By Enrique Dans for Forbes

Several media have already reported on Microsoft’s advanced talks over an eventual acquisition of Nuance Communications, a leader in the field of voice recognition, with a long and troubled history of mergers and acquisitions. The deal, which was finally announced on Monday, was estimated to be worth as much as $16 billion, which would make it Microsoft’s second-largest acquisition after LinkedIn in June 2016 for $26.2 billion, but has ended up closing at $19.7 billion, up 23% from the company’s share price on Friday.

After countless mergers and acquisitions, Nuance Communications has ended up nearly monopolizing the market in speech recognition products. It started out as Kurzweil Computer Products, founded by Ray Kurzweil in 1974 to develop character recognition products, and was then acquired by Xerox, which renamed it ScanSoft and subsequently spun it off. ScanSoft was acquired by Visioneer in 1999, but the consolidated company retained the ScanSoft name. In 2001, ScanSoft acquired the Belgian company Lernout & Hauspie, which had previously acquired Dragon Systems, creators of the popular Dragon NaturallySpeaking, to try to compete with Nuance Communications, which had been publicly traded since 1995, in the speech recognition market. Dragon was the absolute leader in speech recognition technology accuracy through the use of Hidden Markov models as a probabilistic method for temporal pattern recognition. Finally, in September 2005, ScanSoft decided to acquire Nuance and take its name.

Since then, the company has grown rapidly through acquisitions, buying as many as 52 companies in the field of speech technologies, in all kinds of industries and markets, creating a conglomerate that has largely monopolized related commercial developments, licensing its technology to all kinds of companies: Apple’s Siri was originally based on Nuance technology — although it is unclear how dependent on the company it remains.

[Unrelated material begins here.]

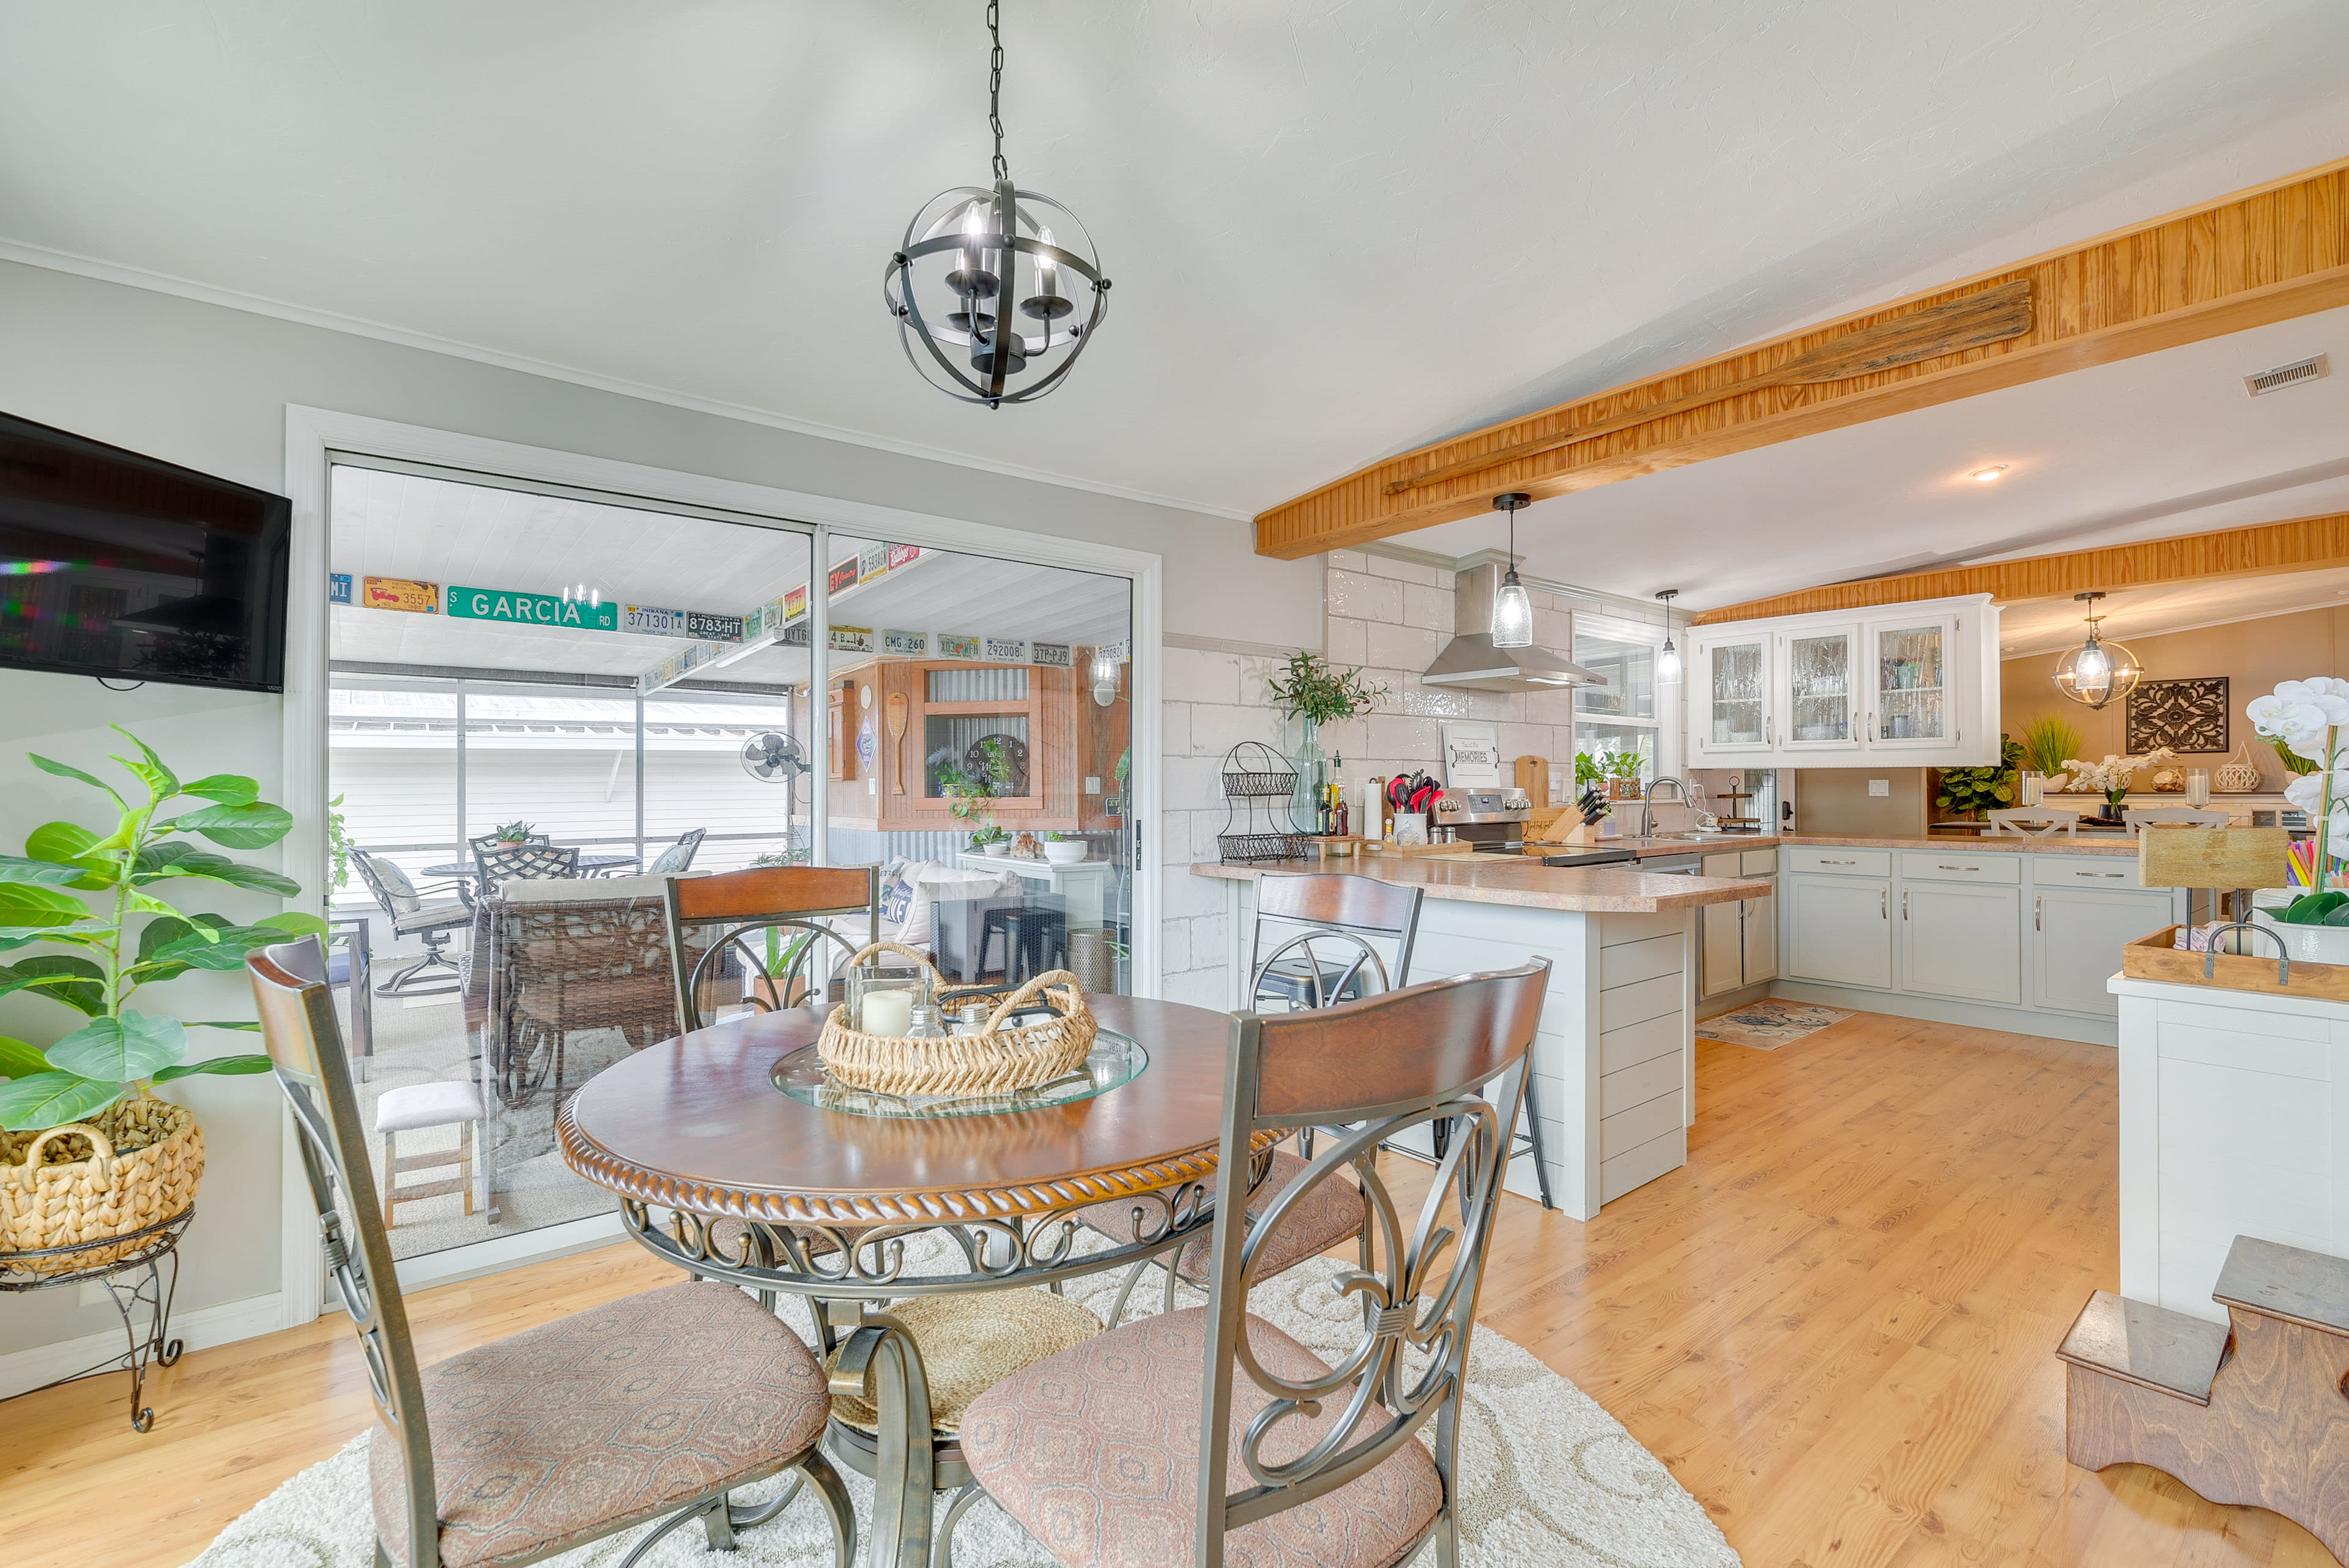 Additional Dining Area | Smart TV | Screened Porch Access

The Microsoft purchase reveals the company’s belief in voice as an interface. The pandemic has seen videoconferencing take off, triggering an explosion in the use of technologies to transcribe voice: Zoom, for example, incorporated automatic transcription in April last year using Otter.ai, so that at the end of each of my classes, I automatically receive not only the video of them, but also their full transcript (which works infinitely better when the class is online than when it takes place in face-to-face mode in a classroom).

Microsoft, which is in the midst of a process of strong growth through acquisitions, had previously collaborated with Nuance in the healthcare industry, and many analysts feel that the acquisition intends to deepen even further into this collaboration. However, Microsoft could also be planning to integrate transcription technology into many other products, such as Teams, or throughout its cloud, Azure, allowing companies to make their corporate environments fully indexable by creating written records of meetings that can be retrieved at a later date. 

Now, Microsoft will try to raise its voice — it has almost twenty billion reasons to do so — and use it to differentiate its products via voice interfaces. According to Microsoft, a pandemic that has pushed electronic and voice communications to the fore is now the stimulus for a future with more voice interfaces, so get ready to see more of that. No company plans a twenty billion dollar acquisition just to keep doing the same things they were doing before.